- Born: April 2, 1962 (age 64) Tehran, Iran
- Other name: A.J. Farshchian
- Education: Spartan Health Sciences University
- Known for: The Center for Regenerative Medicine
- Spouse: Maria Barba ​(m. 1992⁠–⁠2015)​
- Children: 2
- Father: Mahmoud Farshchian

= Alimorad Farshchian =

American physician (born 1962)

Alimorad Farshchian (born April 2, 1962) is an Iranian-born American medical doctor, medical author, and philanthropist. He is the founding director of The Center for Regenerative Medicine, which opened in 2000 in order to pursue pioneering regimens in the treatment of arthritis and other autoimmune diseases.

He coined the term "orthopedic regenerative medicine" and “Neuroregenesis” to characterize his groundbreaking work. Since the center's creation, he has limited himself to non-surgical orthopedics and sports medicine. For the 2012 London Olympics, Farshchian served as a consulting Orthopedic Regenerative Medicine physician for the Team USA track-and-field team. He lives in Miami, Florida.

==Education and early career==
Farshchian earned his M.D. degree from Spartan Health Sciences University in St. Lucia in 1987. The following year, he joined the research staff at the State University of New York Downstate Medical Center in Brooklyn, New York, and the New York Research Foundation. He completed his internship at The University of Tennessee College of Medicine.

In 1994, he relocated to Philadelphia and completed additional medical education in a program affiliated with the University of Pennsylvania. He began his private medical practice in Hawaii in 1997. Two years later, he relocated to Miami.

== Career ==
In 2000, he founded The Center for Regenerative Medicine. He received Board certification in 1997. He is a member of the American Academy of Anti-Aging Medicine. Host of The Arthritis Show, the first TV series to chronicle the experiences of patients with chronic arthritis and sports injuries (2011–present).
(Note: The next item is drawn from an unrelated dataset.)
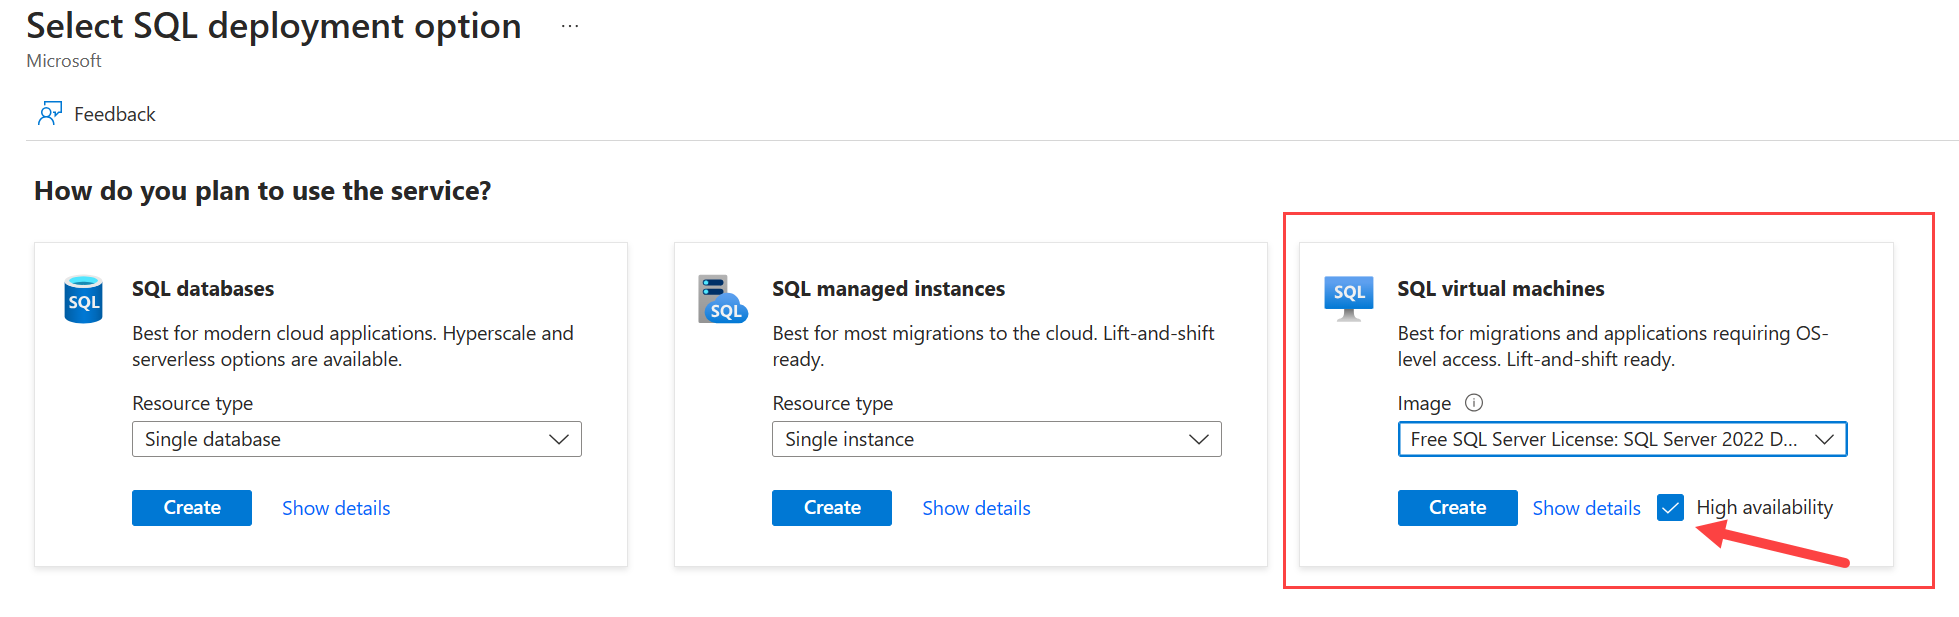 Captura de tela do portal do Azure mostrando a página para selecionar uma opção de implantação do SQL Server, com a alta disponibilidade selecionada.

=== Innovative treatments for neurodegenerative diseases ===
Since July 2016, Farshchian has focused on developing innovative new treatments for major neurodegenerative diseases such as dementia, Parkinson's disease and Alzheimer's disease. Parkinson' stem cells project is a non-invasive treatment he has developed uses the re-injection of stem cells taken from the patient. Preliminary research indicates the therapy can possibly improve the debilitating symptoms caused by neurodegenerative diseases. Since 2011, Farshchian has integrated the use of tai chi, yoga and qigong into his treatment plans for patients with arthritis and sports injuries. His results have demonstrated the effectiveness of additional, non-traditional therapies for many patients.
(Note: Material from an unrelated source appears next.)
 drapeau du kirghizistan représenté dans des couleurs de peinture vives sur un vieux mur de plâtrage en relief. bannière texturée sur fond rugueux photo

=== Treatment of Michael Jackson ===
Farshchian is best known on a worldwide basis for his treatment of pop superstar Michael Jackson, from April 2001 until December 2003. He initially treated Jackson for an ankle injury that hampered his ability to perform. Still, after a close personal friendship developed, Farshchian attempted to intervene and cure Jackson of his addiction to Demerol. Farshchian convinced Jackson and his family that an implanted chip of the medication Naltrexone, which inhibits the effects of narcotics such as Demerol, could help the singer wean himself off Demerol. The treatment was successful. During his treatment, Jackson traveled multiple times to Miami, where he stayed in a private room created for him in Farshchian's garage. Farschian also visited Jackson and his family at the celebrity's Neverland Ranch in Southern California.

Jackson's use of the general anesthetic Propofol, administered by Dr. Conrad Murray, eventually led to his death on June 25, 2009. After Jackson's death, the Sheriff of Santa Maria, California, where Neverland Ranch was located, released to the public personal letters Farshchian had sent Jackson, pleading with him to fight his addiction to Demerol. One of the letters included a package that began Jackson detoxification therapy. In March 2003, Jackson and Farshchian zeroed in on the eight-story Victoria Medical Center, a health care condominium, located at 955 N.W. Third St., in the Little Havana area of Miami as a potential location for a planned ventilator hospital project called Michael Jackson international children's hospital.

== Heal the Earth through the Arts ==
In the summer of 2017, inspired by Michael Jackson's Philanthropic work with Heal the World charity organization; Farshchian created a similar concept called "Heal the Earth through the Arts". This charity holds telethons live on Facebook; the telethons help to raise money for the homeless in Miami. Farshchian has stated in several interviews that this is his way of giving back to his community and continuing Michael Jackson's legacy.

==Personal life==
Farshchian was married from 1992 until 2015 to Maria Barba, a marketing executive and Addy award winner; together they had two children.

In September 2016, Farshchian was engaged to singer and actress Elexis Ansley.